AI chatbot ChatGPT blocked in Italy over privacy concerns, Is chatgpt disabled for users in Italy? is it True AI chatbot ChatGPT blocked in Italy over privacy concerns?
Italy has become the first Western country to block the popular artificial intelligence chatbot ChatGPT over data privacy concerns. The Italian data-protection authority temporarily banned the chatbot as it investigated a possible violation of privacy rules. OpenAI, the US start-up behind ChatGPT and backed by Microsoft, has 20 days to respond with remedies or could risk a fine.

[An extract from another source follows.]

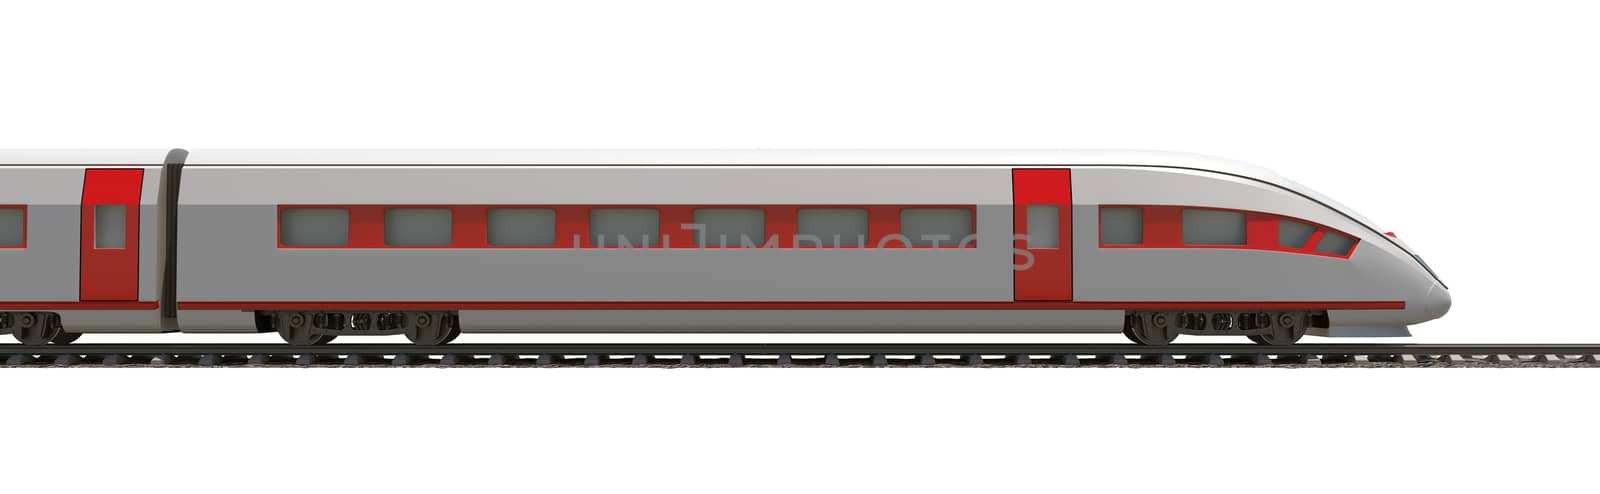 Long train with stripes on isolated white background

The Italian watchdog, Garante, cited concerns about ChatGPT’s massive collection and processing of personal data. It questioned whether OpenAI had legal justification for its “massive collection and processing of personal data” used to train the platform’s algorithms. The Italian regulator also accused OpenAI of failing to check the age of ChatGPT’s users, who are supposed to be aged 13 or above.
ChatGPT is known for its ability to generate essays, songs, exams and news articles from brief prompts. The chatbot has set off a tech craze since its release in November last year, prompting rivals to launch similar products and companies to integrate it or similar technologies into their products. The ban affects the web version of ChatGPT, popularly used as a writing assistant.
What Did OpenAI Say?
OpenAI said it had disabled ChatGPT for users in Italy following the government’s request. Alp Toker, director of the advocacy group NetBlocks which monitors internet access worldwide, said Italy’s action was “the first nation-scale restriction of a mainstream AI platform by a democracy.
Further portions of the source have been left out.